Favour O
- Research Program Mentor
PhD candidate at Massachusetts Institute of Technology (MIT)
Expertise
Tissue engineering, cancer immuno-engineering , drug delivery.
Bio
Favour is a PhD candidate in the lab of Professor David Mooney at Harvard. He is in the Harvard-MIT medical engineering and medical physics program. Favour loves tackling problems that significantly impact the quality of human life. Whenever Favour is outside of lab, he enjoys working out, reading, hiking, playing the guitar, and hanging out with friends.Project ideas
Modulation of the Osteoarthritic Niche
Osteoarthritis (OA) is a chronic degenerative joint disease that affects millions of individuals worldwide, leading to joint pain, stiffness, and decreased mobility. Despite being a prevalent disease affecting millions of individuals, the current treatments are limited and often involve invasive surgery. The key underlying factor that contributes to OA progression is the imbalance between pro-inflammatory and anti-inflammatory immune cells. Specifically, the presence of elevated levels of IL-17, a pro-inflammatory cytokine, is associated with joint degradation and cartilage loss. There remains a significant unmet need for effective therapies that address the underlying causes of OA and support joint repair and regeneration. We can think through ways of trying to control the types of cytokines that are present in osteoarthritis.

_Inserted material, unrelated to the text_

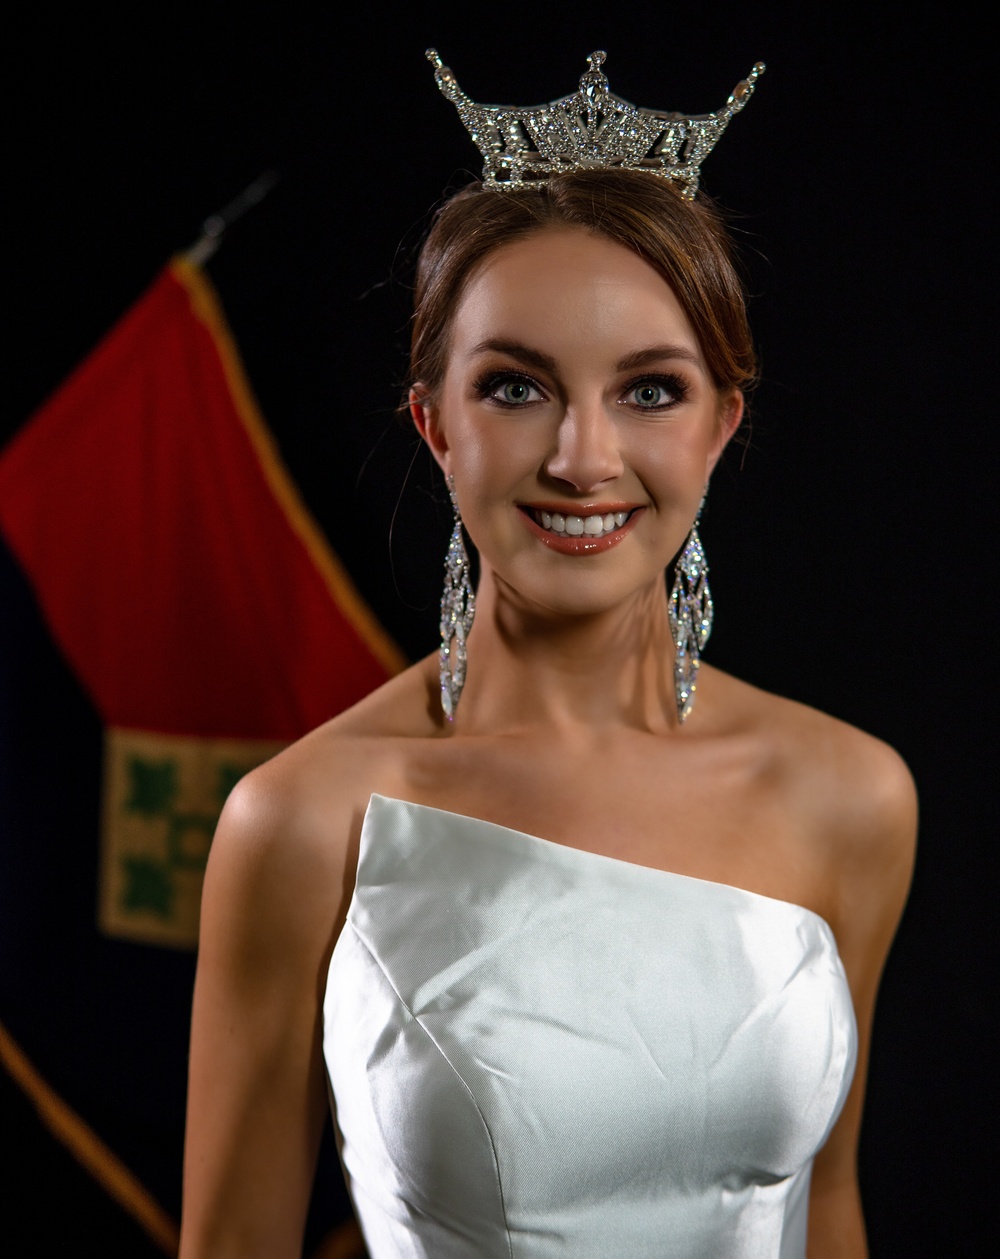 Active Duty Soldier Competes for Miss America

Improved Bone Screws for Fracture Fixation
Bone screws for fracture fixation are typically fabricated from rigid or elastic materials such as metal alloys, which offer limited flexibility. However, bone tissue is a nonlinear viscoelastic material that can undergo significant mechanical deformation during movement or weight-bearing activities. The use of traditional metal screws may cause damage to the surrounding bone tissue and limit the potential for healing. Furthermore, bone screws are often repurposed for vastly different types of fractures, rather than being optimized for specific applications. By first characterizing the fracture site and surrounding tissue, and then designing a technology tailored to the particular injury, bone screws may be more adaptable and offer better support to the fracture site.

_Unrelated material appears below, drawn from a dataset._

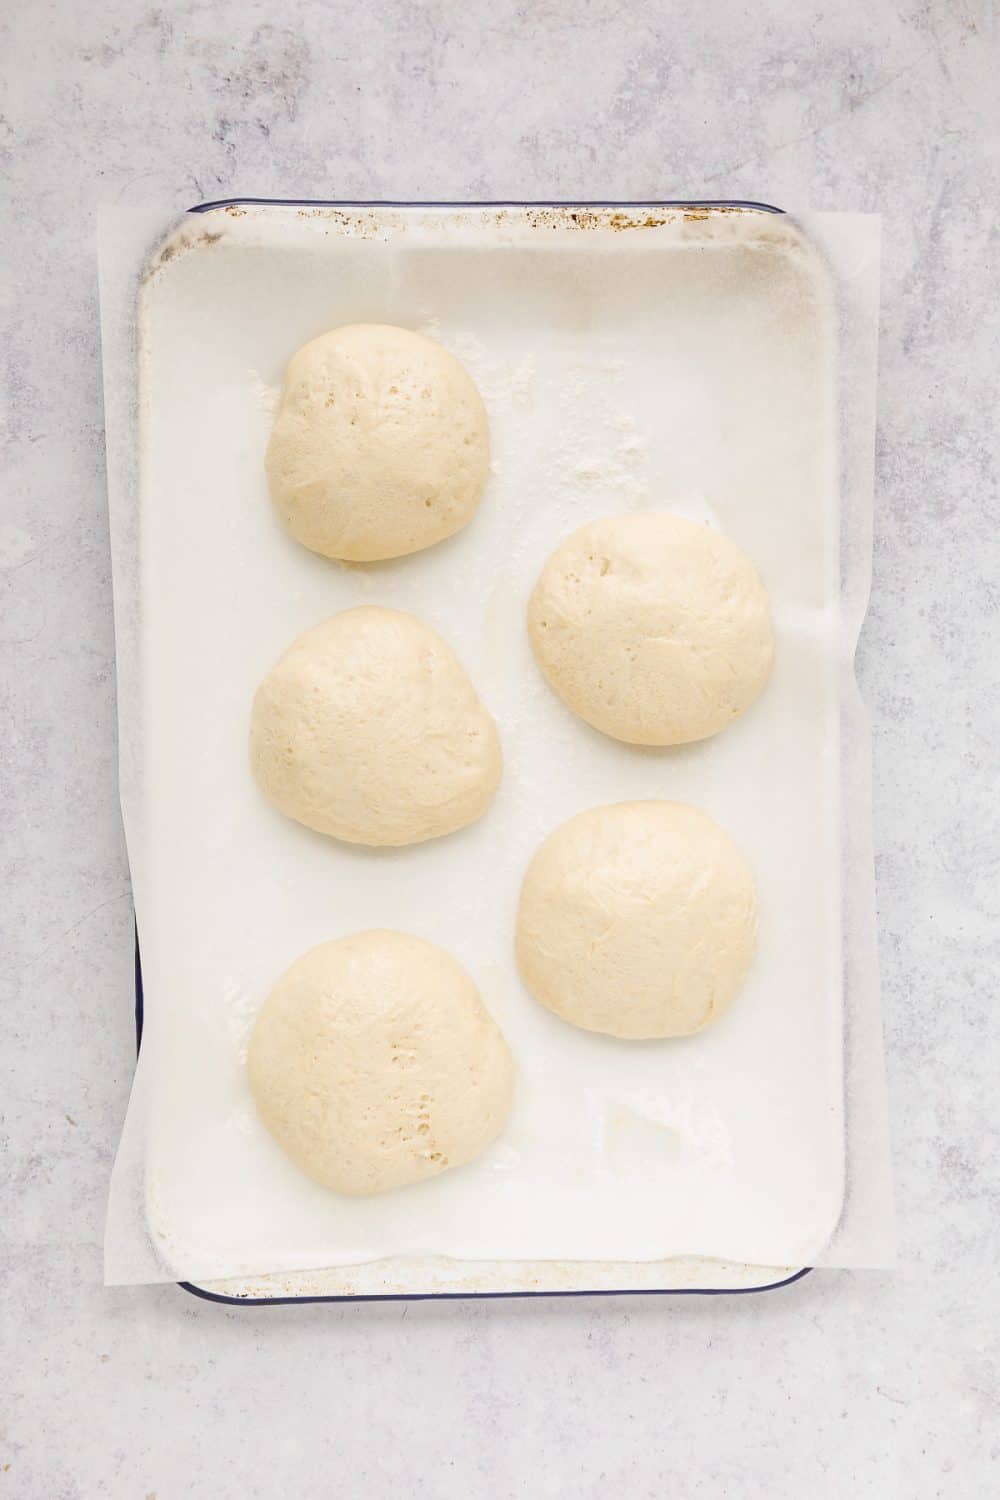 5 risen balls of doughnut dough on a white baking tray lined with baking paper.

Improving T-cell Function in the Setting of Cancer
Multiple approaches have been developed to enhance the efficacy of T cells against cancer: including therapeutic cancer vaccination and adoptive T cell therapy. These approaches aim to generate host T cell responses against cancer antigens, and reinfuse ex vivo manipulated T cells into patients, respectively. The adoptive T cell therapy is approach has been successful in blood-based tumors and melanomas, while solid tumors like pancreatic ductal carcinoma, prostate cancer, and colorectal cancer have not been helped by the new therapies. It has been shown that murine and human derived T-cells activated in an hypoxic state are better effectors compared to T-cells activated in a normal oxygen environment. The findings, however, also reveal increased T-cell death and limited proliferation, which are areas needing optimization for an effective adoptive transfer therapy. Can sequential hypoxic training of these T-cells prior to interaction with the tumor microenvironment improve T-cell survival? What factors can be optimized to improve T-cell function in cancer?